Studies in France, Sweden, and Scotland, as well as the United States, document smoke inhalation as an important source of cyanide poisoning. Individuals with smoke inhalation from enclosed space fires who have soot in the mouth or nose, altered mental status, or hypotension may have significant cyanide poisoning (blood cyanide concentrations >40 mmol/L or approximately 1 mg/L).

Mortality/Morbidity

According to the American Association of Poison Control Centers Toxic Exposure Surveillance System, in 2005, 6 fatalities occurred out of 214 total cyanide exposures.1

  • Cyanide induces fatality in seconds to minutes following inhalation or intravenous injection, in minutes following ingestion of soluble salts, or minutes (hydrogen cyanide) to several hours (cyanogens) after skin absorption.
  • Individuals who survive cyanide poisoning are at risk for central nervous system dysfunction (eg, anoxic encephalopathy, Parkinsonlike syndrome).
  • Rapid aggressive therapy, consisting of supportive care and antidote administration, is lifesaving.

Sex

Suicide by cyanide poisoning occurs predominantly in males, as does industrial exposure. Leber optic atrophy has shown a very strong male predominance in European studies.

Age

Deliberate ingestion of cyanide occurs mostly in adults. Smoke inhalation and chronic cyanide poisoning affect all ages. 

Clinical

History

The delay between exposure and onset of symptoms depends on type of cyanide involved, route of entry, and dose. Rapidity of symptom onset, depending on the type of cyanide exposure, occurs in the following order (most rapid to least rapid): gas, soluble salt, insoluble salt, and cyanogens.
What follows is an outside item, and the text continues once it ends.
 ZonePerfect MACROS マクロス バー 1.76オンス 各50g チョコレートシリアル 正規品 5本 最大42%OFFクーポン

Multiple casualties may present after a fire or hazardous materials incident involving cyanides. In some cases, the individuals involved may be experiencing collective hysteria. If physical findings are absent, cyanide poisoning is unlikely. If lactic acidosis is not present, cyanide poisoning has not occurred. Provide supportive care (oxygen) to all individuals presenting because of the event until absence of cyanide poisoning can be verified.
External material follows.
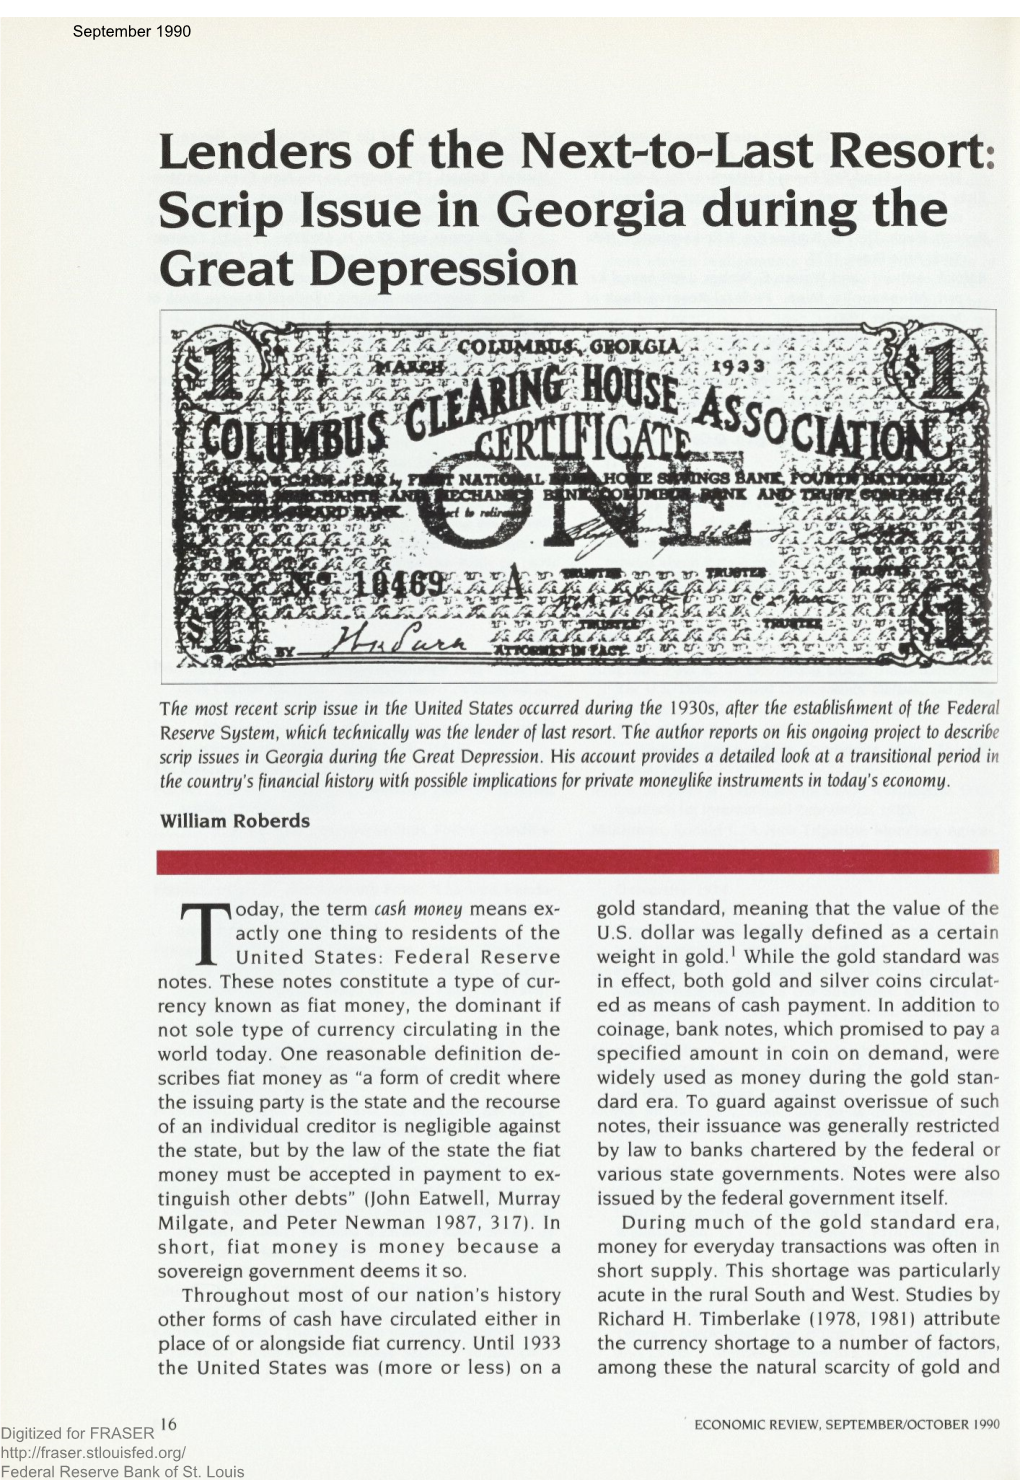 Scrip Issue in Georgia During the Great Depression

A history of recent depression in the patient with sudden collapse or altered mental status, acidosis, and tachyphylaxis in the ICU patient on nitroprusside should evoke suspicion of the diagnosis.
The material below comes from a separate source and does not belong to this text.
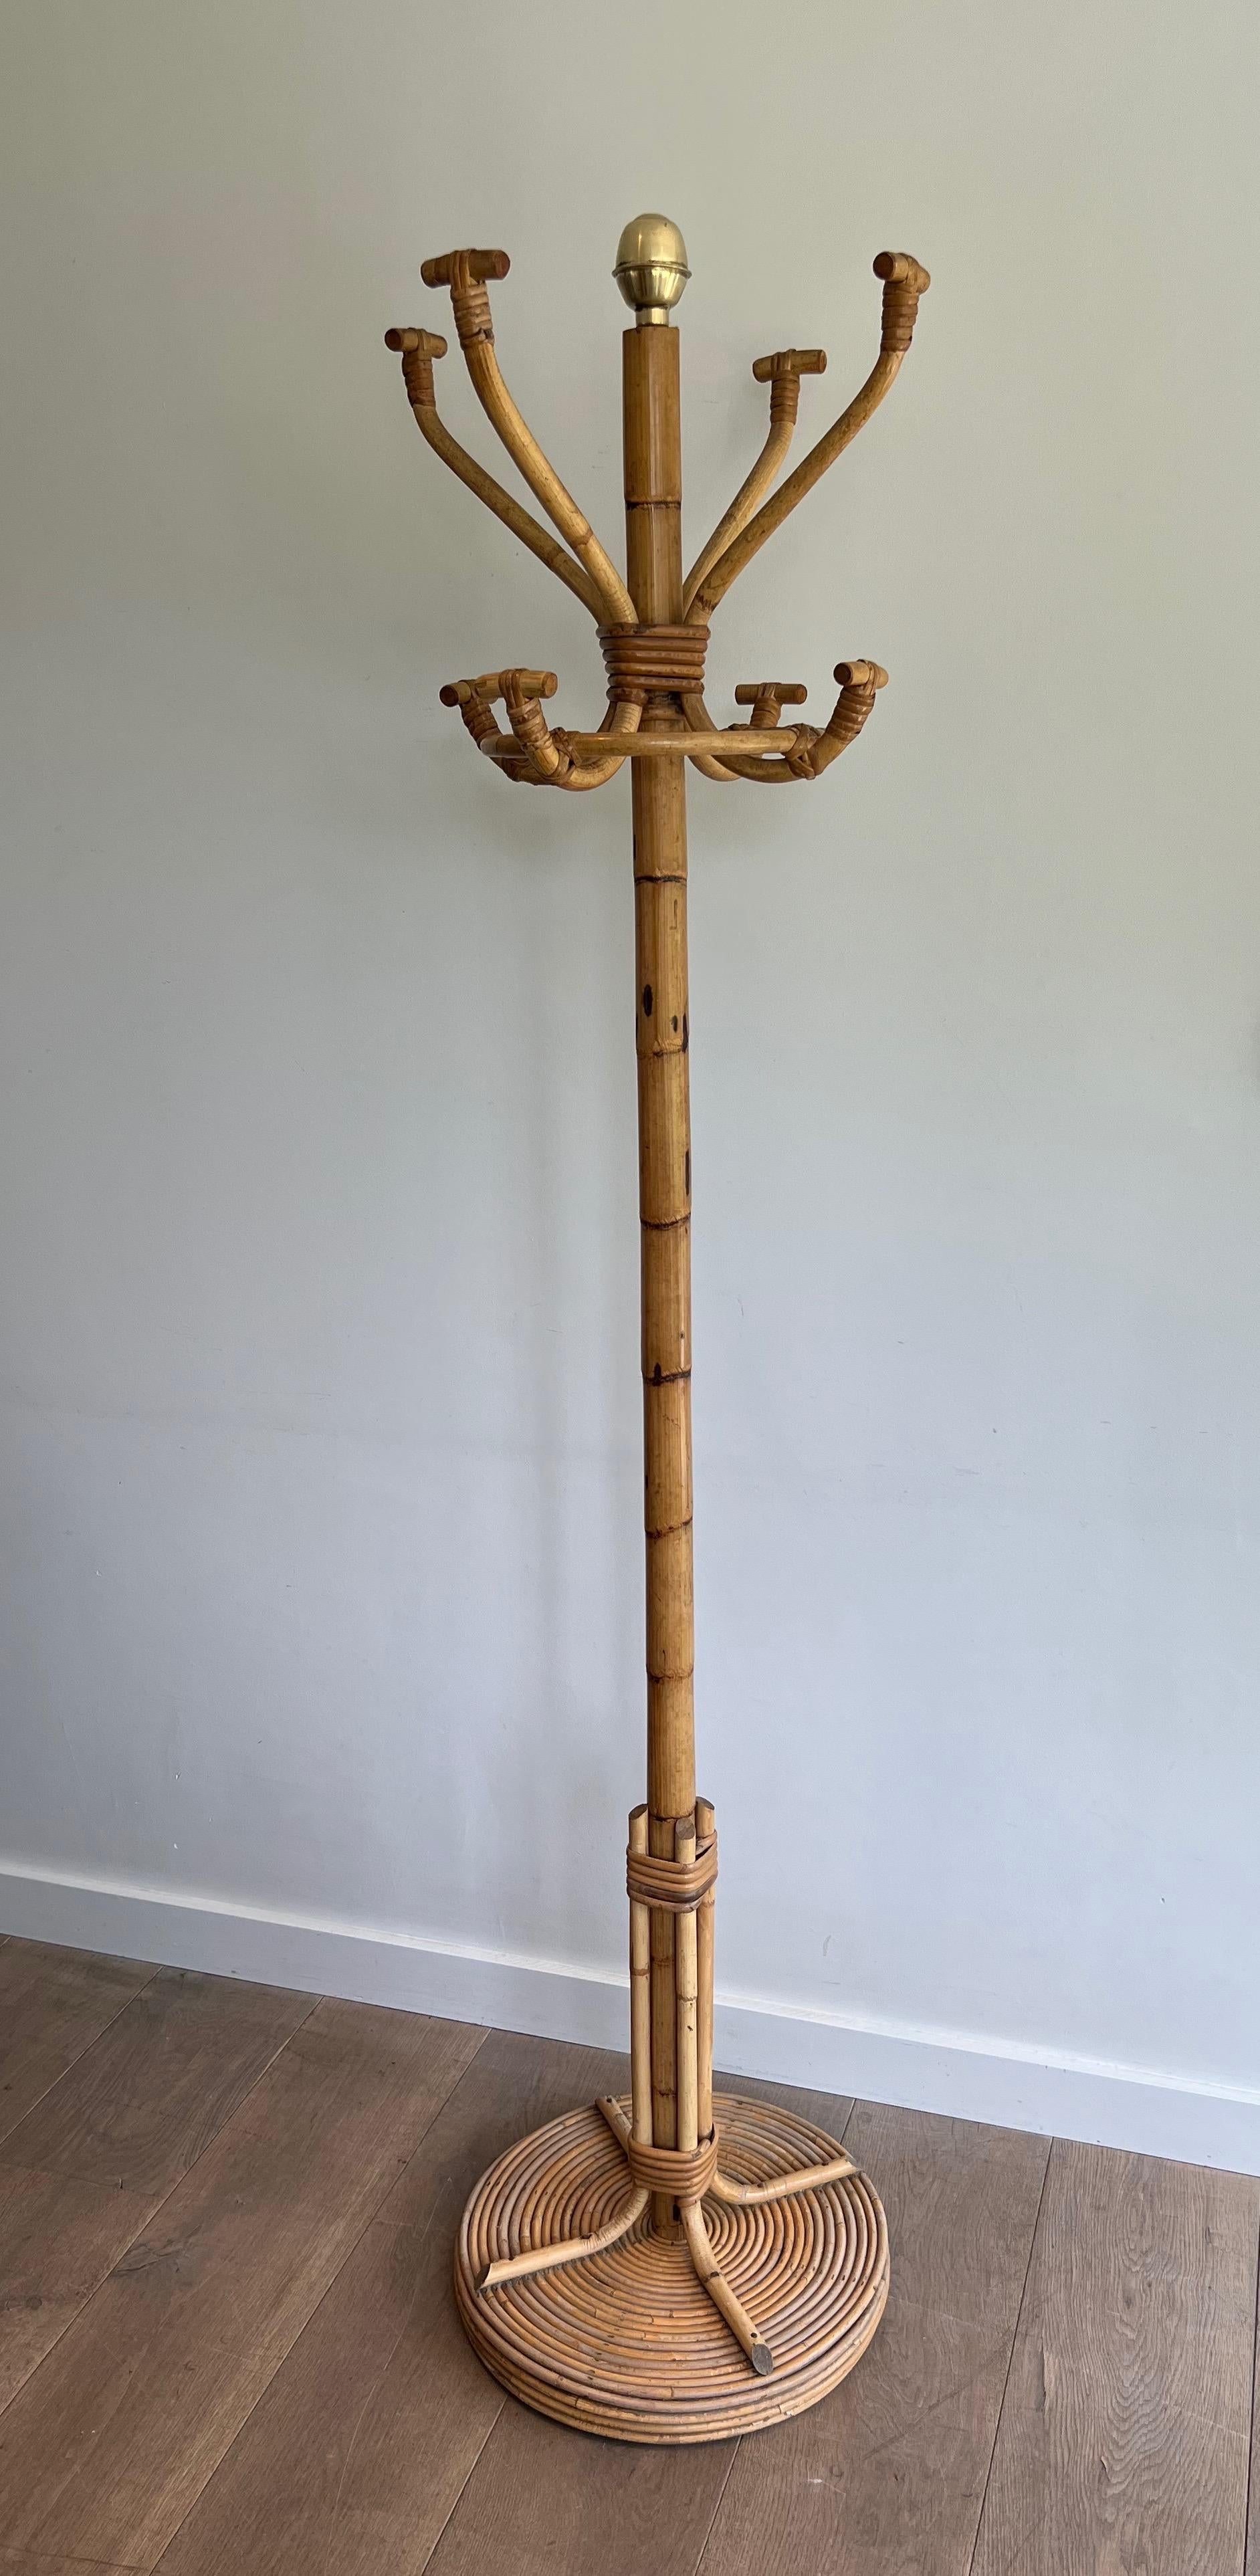 This very nice and decorative coat rack on stand is all made of rattan. This is a French Work. Circa 1970

  • General weakness, malaise, and collapse
  • Neurologic symptoms (reflect progressive hypoxia)
    • Headache, vertigo, dizziness
    • Giddiness, inebriation, confusion
    • Generalized seizures
    • Coma
  • Gastrointestinal symptoms - Abdominal pain, nausea, vomiting
  • Cardiopulmonary symptoms
    • Shortness of breath, possibly associated with chest pain
    • Apnea

Physical

Physical findings of cyanide exposure are generally nonspecific, yet the onset of illness may be dramatic.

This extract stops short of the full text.